Originally posted by sonhouse
So he is not minding his P's and Q's? Would it have been a better argument if he had used A's and B's?

You are a wiser man than I thought.

http://en.wikipedia.org/wiki/Mind_your_Ps_and_Qs

Originally posted by RJHinds
You are a wiser man than I thought.

http://en.wikipedia.org/wiki/Mind_your_Ps_and_Qs

Interesting but not exactly relevant to the op.

It is important to understand for this exercise that a conditional P-->Q is true in either two ways: if P is false or Q is true. This may sound strange because we think of a conditional as being true only if Q follows as a logical consequence of P. But think of it this way, a conditional is only false if the antecedent, P, is true and the consequent is false. So a truth table is like this where 0=false, 1=true.

P Q P-->Q
1 1 1
1 0 0
0 1 1
0 0 1

Only in one of four cases is the conditional P-->Q false.

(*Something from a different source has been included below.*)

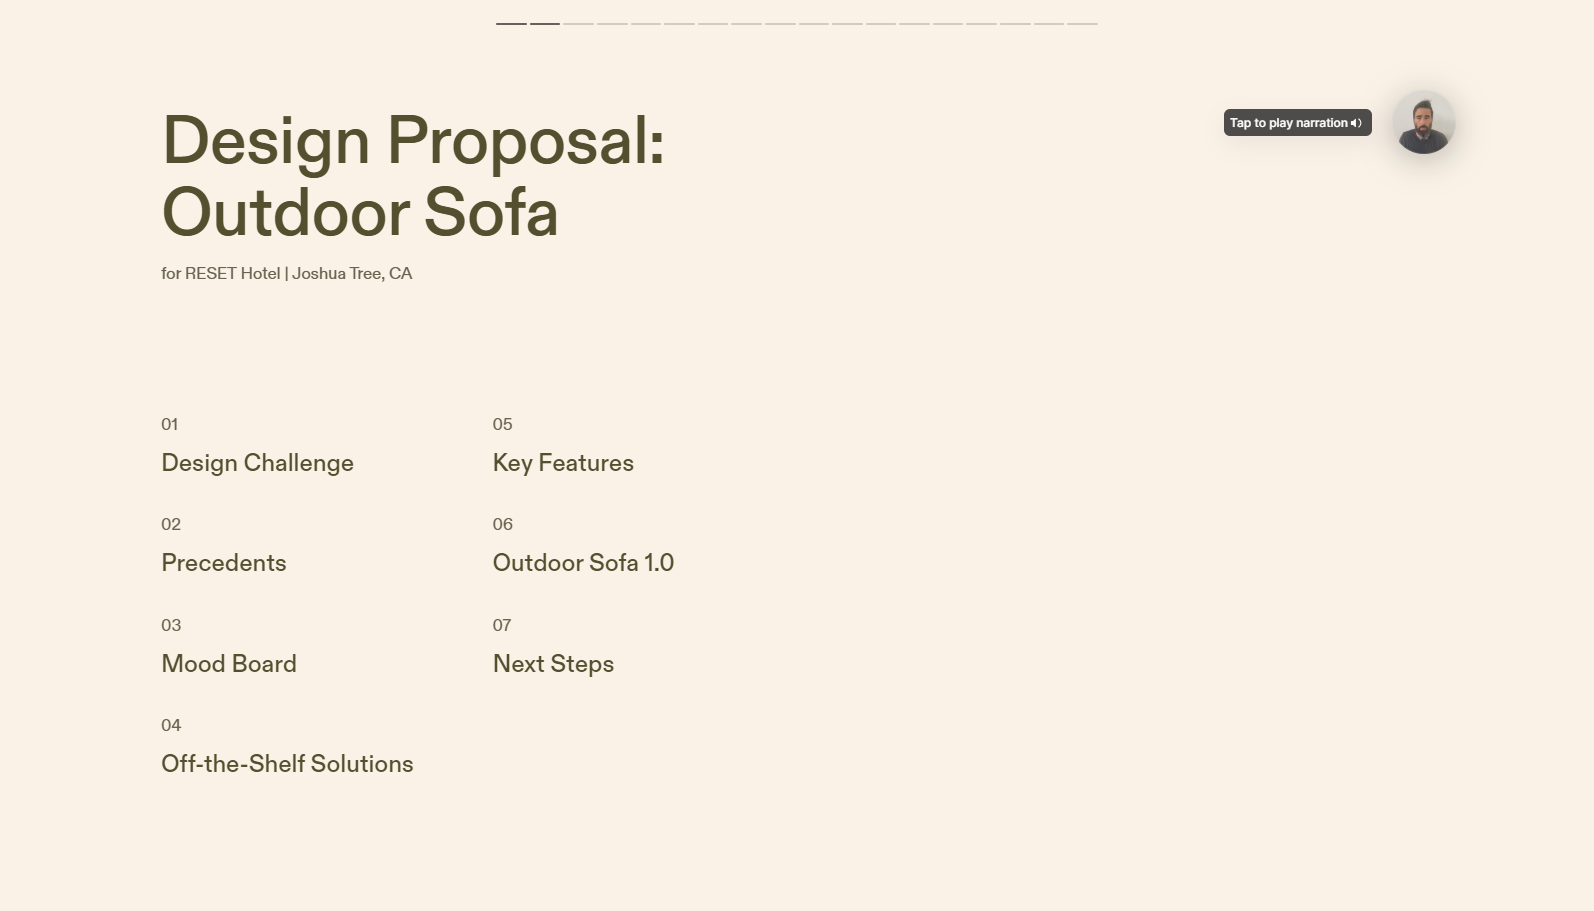 Design Proposal - Ben Uyeda

Now in LemonJello's case the logic works like this:
(1) ~P --> ~(Q-->R)
(2) ~Q
(3) P

I seem to get the second part, but which one of the four cases is the conditional false?

Originally posted by sonhouse
It is important to understand for this exercise that a conditional P-->Q is true in either two ways: if P is false or Q is true. This may sound strange because we think of a conditional as being true only if Q follows as a logical consequence of P. But think of it this way, a conditional is only false if the antecedent, P, is true and the consequent is fals P

I seem to get the second part, but which one of the four cases is the conditional false?

As Conrau mentioned, the material conditional P-->Q is false only in the case where the antecedent P is true (=1) and the consequent Q is false (=0):

P Q P-->Q
1 1 1
1 0 0 <--------This case is the only one where (P-->Q) is false (=0).
0 1 1
0 0 1

The reason why I think the "proof" in the OP is interesting is because it is logically valid under a (commonly assumed) logic in which we treat the conditionals therein as having the truth functionality of the material conditional outlined above. But this result seems unsatisfactory. So, I think it shows we need a modified or different treatment of such conditionals. The paper to which I provided a link has some discussion on this.